Арсений обнимает в ответ. Тыкается холодным носом в ухо.

– А я скучал сумасшедше, – тихо. – Чтобы ещё раз... неважно. На чай пригласишь? А то замёрз, устал, а до дома часов пять ехать.

До дома пять часов

Где ты живёшь

Почему так долго

– Конечно.

Джим теряется в его близости. В запахе, в теплоте – сквозь куртку уже тёплый – в голосе. Отстраняется с трудом, оглядывает, впитывает его взглядом.

– У меня дома овсянка. И чай. – Потом, после секундного раздумья, – ещё полпачки спагетти. Всё.

– Ну, сделаем крюк, заедем в магазин, – Арсений обнимает его за плечи, подталкивает, – пойдём. А то щас уже наяву грезить начну о горячем кофе со сливками. Не будешь против запечённой форели в травах с кабачком и спаржей?

– Я буду против кофе, если тебе интересно.

– Даже против, если его буду пить я? – с усмешкой уточняет Арсений и на секунду чуть крепче прижимает его к себе. – Ну и тиранище. Святой потолок, Джим, я... даже по этому скучал, – заворачивает с обезоруживающей теплотой.
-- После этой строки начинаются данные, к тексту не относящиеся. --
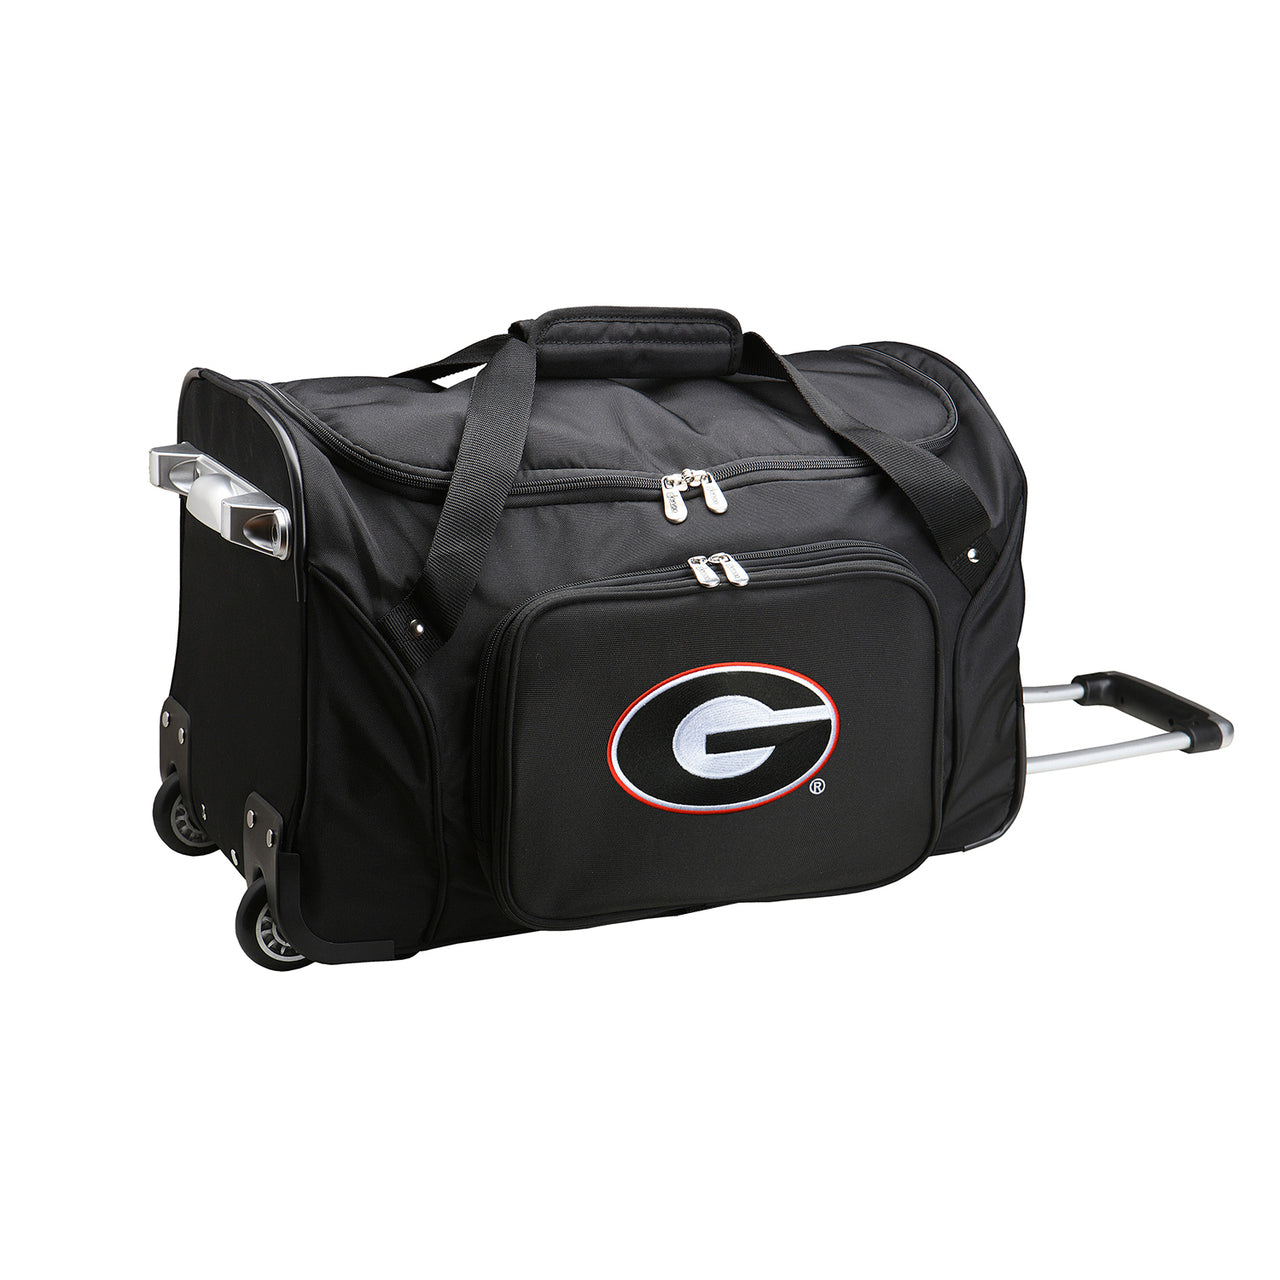 Georgia Bulldogs Luggage | Georgia Bulldogs Wheeled Carry On Luggage

Арсения много. Он шуршит между стеллажами с продуктами, скидывает в тележку яркие пакеты. Разговаривает – Джим почти не слушает его, очередное трындение без определённой темы. В магазине играет негромкая привязчивая музыка. Потом – промозглая серость улицы, пакеты исчезают в багажном отделении джипа. Салон, тёплый и удобный. Тусклое жёлтое освещение подъезда. Холод ключей в руке – провернуть два раза, открыть дверь. Пропустить Арсения с сумками (заупрямился, что потащит один), указать, где кухня.

С его приходом квартира будто оживает. Так же медленно и недоверчиво, как сам Джим. Сразу же нарушается привычный порядок вещей (куртку не повесил, а кинул на тумбочку, рюкзак – тут же), становится много звуков. Из кухни – тёплый свет в полутёмную прихожую. Гремит кухонная утварь.

– Быстрорастворимый кофе – апофеоз падения замёрзшего человека! – заявляет оттуда Арсений под булькание кипящего электрочайника, – поэтому присоединяться даже не зову. А ужина подождать придётся. У тебя во что переодеться будет? Что угодно, третий день не вижу домашних шмоток. Одичал как одинокий мамонт, затерявшийся в ледяной... вот так... – звук вливаемого в кружку кипятка, – пустыне.

– Если ты не будешь против халата.

Полчаса, пока Арсений, переодевшийся в махровый длинный халат (Джим не помнит, откуда он взялся) приплясывает у плиты. Со стоической физиономией прихлёбывает кофе из кружки Джима, переминается с ноги на ногу, шинкует продукты, засыпает приправы, помешивает. И не затыкается.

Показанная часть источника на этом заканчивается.